## Data to process
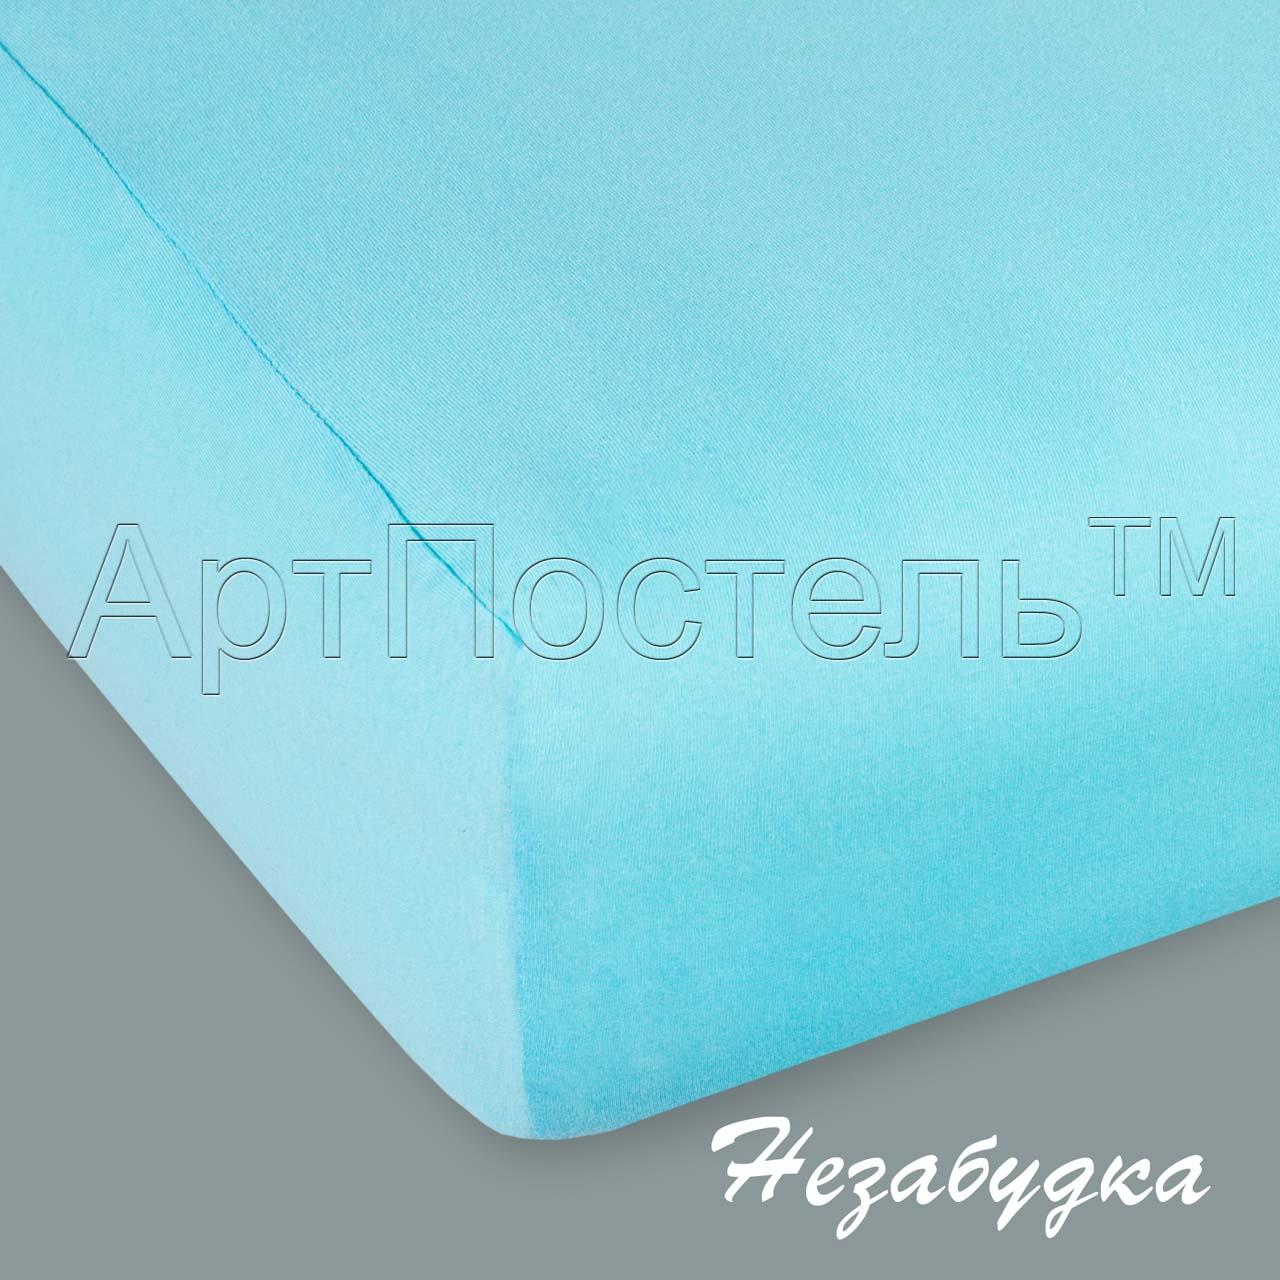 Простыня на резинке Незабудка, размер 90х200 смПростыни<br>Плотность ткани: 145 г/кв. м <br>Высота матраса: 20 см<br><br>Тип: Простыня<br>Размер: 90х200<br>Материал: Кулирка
...
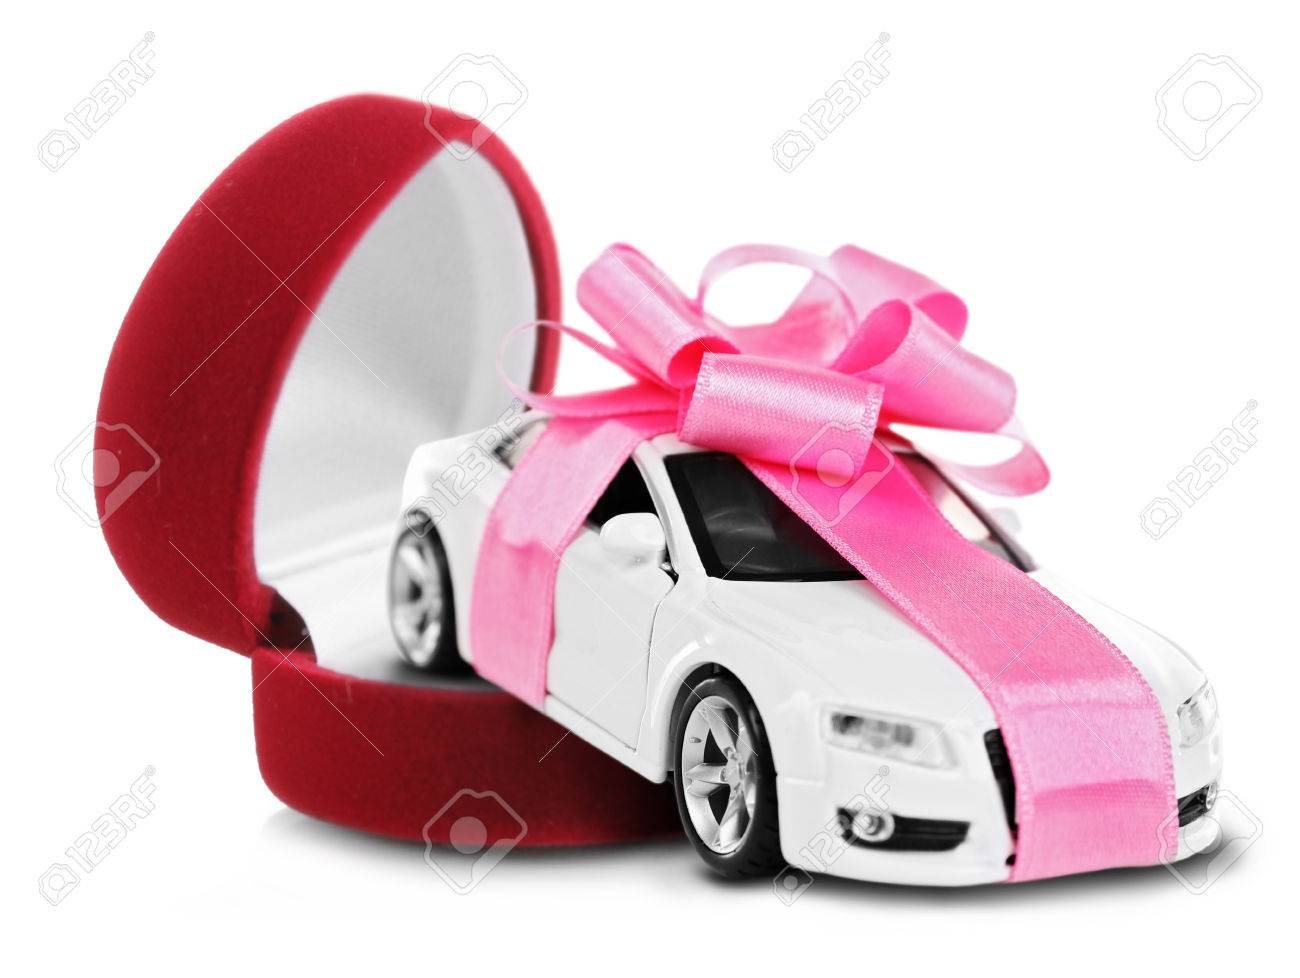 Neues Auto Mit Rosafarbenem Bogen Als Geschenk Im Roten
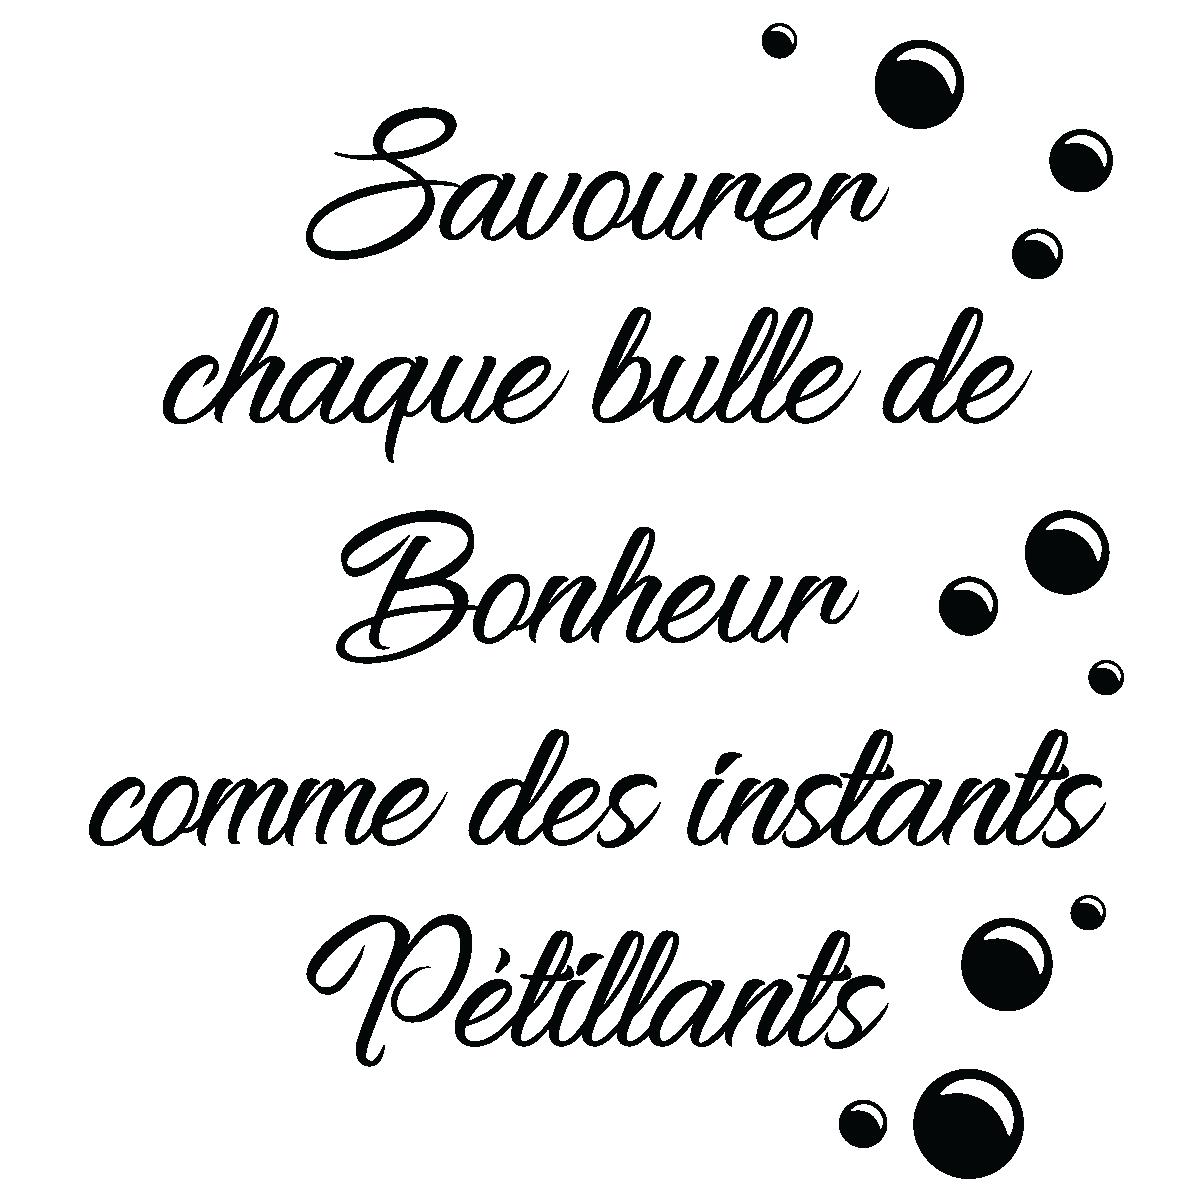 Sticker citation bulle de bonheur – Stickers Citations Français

## Task details
Starting at the line above with "Neues Auto Mit", output every line exactly up to and including the line with "Sticker citation bulle", but none of the pictures.

## Answer
 Neues Auto Mit Rosafarbenem Bogen Als Geschenk Im Roten
 Sticker citation bulle de bonheur – Stickers Citations Français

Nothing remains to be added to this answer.